2008 Madfish Shiraz, Western Australia, $9.99 – This was my preferred red of the line-up. More subtle on the nose but opened up to ripe blackberry, plum and sweet cherry aromas with notes of sweet spice, pepper, vanilla and coconut. Fresh and lively flavors of bright black fruit, ripe but not too jammy. Smooth, supple tannins, but showing enough grip to give the wine structure. Moderate length.

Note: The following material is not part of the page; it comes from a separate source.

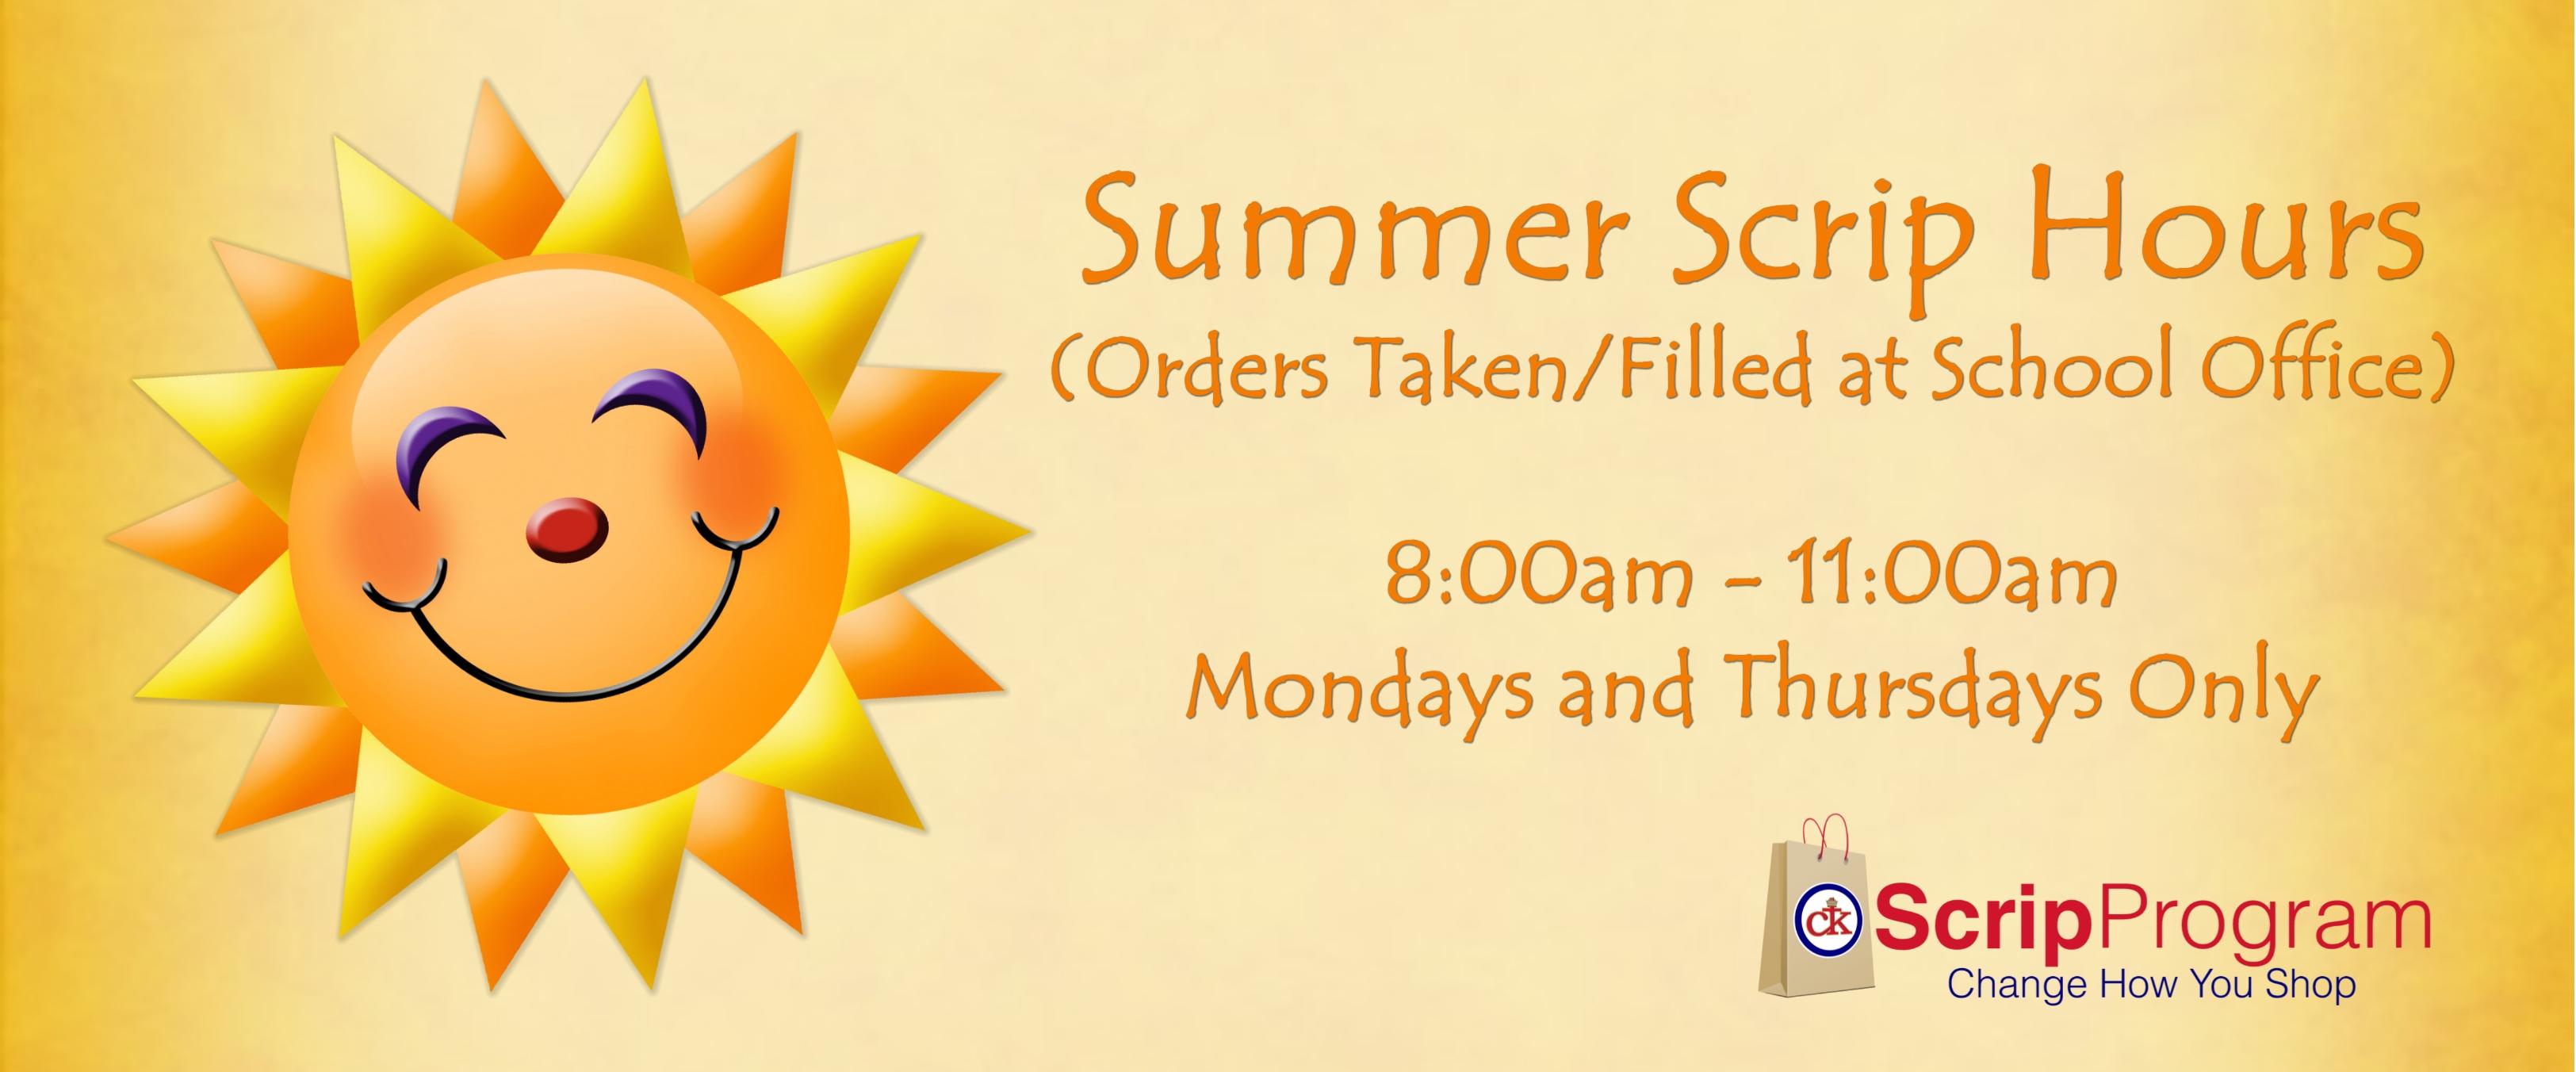 2017-0601 – CTK School Website Slide-Summer

2008 Madfish Sauvignon Blanc /Semillon Western Australia,$9.99 – I really liked this also. Aromas of gooseberry exotic spice, jasmine and a little jalapeño. Zesty on the palate and lively fruit with lots of refreshing citrus and gooseberry flavors. Has an attractive waxiness on the palate, ample fruit and a decent finish.

I would love to hear from readers about what great wines you have discovered at Trader Joe’s this summer. Any new favorites?

Mary Gorman-McAdams, DWS, is a New York based wine educator, freelance writer and consultant. She holds the Diploma in Wine & Spirits from the Wine and Spirits Education Trust (WSET), and is a candidate in the Master of Wine Program.

Related: Supermarket Wines Review: Top Wine Picks from Trader Joe's Wine Store in New York City

(Images: Mary Gorman)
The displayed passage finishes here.